Лизе было четыре. Она вцепилась в мою руку и молчала. Она всегда молчала на новом месте – стискивала мои пальцы и прятала лицо в рукав моей куртки. За два года скитаний она привыкла: новый город, новое жильё, новое имя папы. Не привыкла только к одному – к тому, что мамы нет.
Нина умерла от пневмонии. Лизе тогда едва исполнился год. Она не помнила мать – только иногда спрашивала про фотографию, которую я носил в нагрудном кармане. На фотографии Нина смеялась, придерживая волосы на ветру. Лиза говорила: «Красивая тётя». Не «мама». «Тётя».
Я остался один – с дочерью, с работой медбрата в районной больнице, с комнатой в рабочем общежитии. Три года я отработал в хирургическом отделении, где ночами привозили людей с аварий, с производств, после драк. Три года рук по локоть в крови и бессонных дежурств. Это я умел. А быть отцом – учился на ходу.
Потом случился пожар. Замыкание проводки. Ночью. Я проснулся от треска, схватил Лизу с кровати, завернул в одеяло и выскочил в коридор. Дым был такой густой, что я не видел ступеней – шёл на ощупь, считая повороты. Лиза не плакала. Она молчала, вцепившись в мою шею. Мы выбрались. Общежитие сгорело за час. Вместе с моим паспортом, трудовой книжкой, свидетельством о рождении дочери.
Со всем.
Восстанавливать документы – значит идти в исполком. А в исполкоме – вопросы. Где прописка, где мать ребёнка, где справка с работы. Без прописки – нет работы. Без работы – нет прописки. А без того и другого отца-одиночку с маленькой дочерью могут вызвать в опеку. Я знал, как это бывает. Насмотрелся в больнице – привозили детей из неблагополучных семей, и я видел, как работает система. Сначала проверка, потом «временное изъятие», потом – детский дом на полгода, пока отец бегает по инстанциям. Полгода без Лизы.
Нет. Нет. Нет.
У Виктора Семёнова, моего соседа по комнате, осталась сумка. Он погиб на стройке годом раньше – упал с лесов. Ни родных, ни знакомых – никто не пришёл за вещами. В сумке лежал паспорт. Мужчина, на год старше меня. Русый, глаза серые. Я – темноволосый, кареглазый. Но на чёрно-белом паспортном фото, маленьком и мутном, разница размывалась. Если не приглядываться – похож. Если приглядываться – ну, изменился человек.

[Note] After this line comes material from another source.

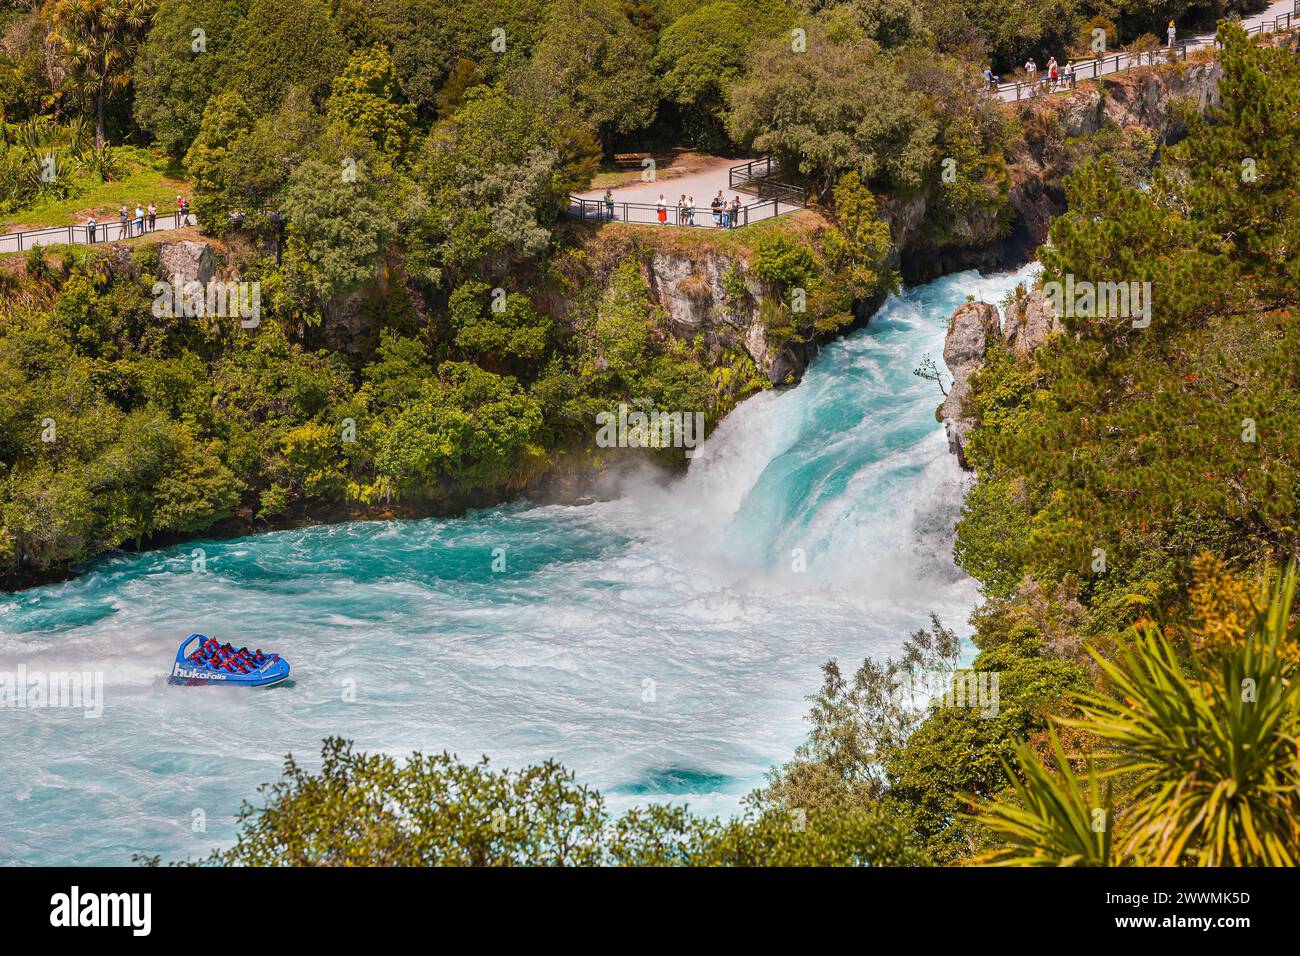 A group of people standing and looking on a Jet boat at the Huka Falls, a set of waterfalls on the Waikato River, which drains Lake Taupo, on the Nort Stock Photo

Я – Руслан Султанов. Но в паспорте написано – Виктор Семёнов. И так уже два года.
Два года мы с Лизой ездили из города в город. Я работал без оформления – подменял фельдшеров в сельских пунктах, мыл полы в больницах, грузил коробки на складах. Лиза сидела рядом, листала старые журналы, ждала. Мы жили в съёмных углах, в чужих кухнях, в проходных комнатах. Нигде не задерживались дольше двух месяцев. Потому что на третий начинали спрашивать – а документы? а прописка? а ребёнок где числится?
Кедровый я нашёл по объявлению в газете. «Вахтовому посёлку требуется медицинский работник. Жильё предоставляется». Далеко. Север. Мало проверок. Кадровый голод – на такие вакансии не выстраивалась очередь. И главное – Лизе нужна была крыша. Настоящая крыша, не чужой угол на месяц.
Барак пах сыростью и стиральным порошком. Нам дали комнату в конце коридора – две койки, тумбочка, окно с видом на делянку, где из-под снега торчали пни. Я повесил занавеску посередине, разделив пространство на две половины. Лиза тут же забралась на свою кровать, свернулась калачиком и спросила:
– Пап, здесь будем жить?
– Да, Лиз. Здесь.
– Долго?
Я промолчал. Не знал.
За стенкой кто-то включил радио. Ровно в шесть вечера. Прогноз погоды, потом – «Маяк». Это я узнал позже – радио принадлежало Геннадию Дроздову, бригадиру буровой бригады, нашему соседу. Ему было сорок два. Плечи шире дверного проёма, голос низкий, с хрипотцой – привык перекрикивать технику. Ходил чуть наклонившись вперёд, будто против ветра даже в помещении.
Дроздов появился в моей жизни в первый же вечер. Я оформлялся в конторе – маленькой комнате при столовой, где кадровичка Валя заполняла бумаги от руки. Протянул паспорт. Дроздов стоял рядом – ждал наряды на завтра. Я не обратил на него внимания. А зря.
Когда Валя вернула мне документы, Дроздов перехватил паспорт. Просто взял – крупной рукой, привычным жестом человека, который на буровой проверяет допуски и удостоверения каждый день. Открыл. Посмотрел на фото. Потом на меня. Снова на фото.
– Ты здесь молодой совсем, – сказал он.
– Давно фотографировался, – ответил я. Голос не дрогнул. Два года тренировки.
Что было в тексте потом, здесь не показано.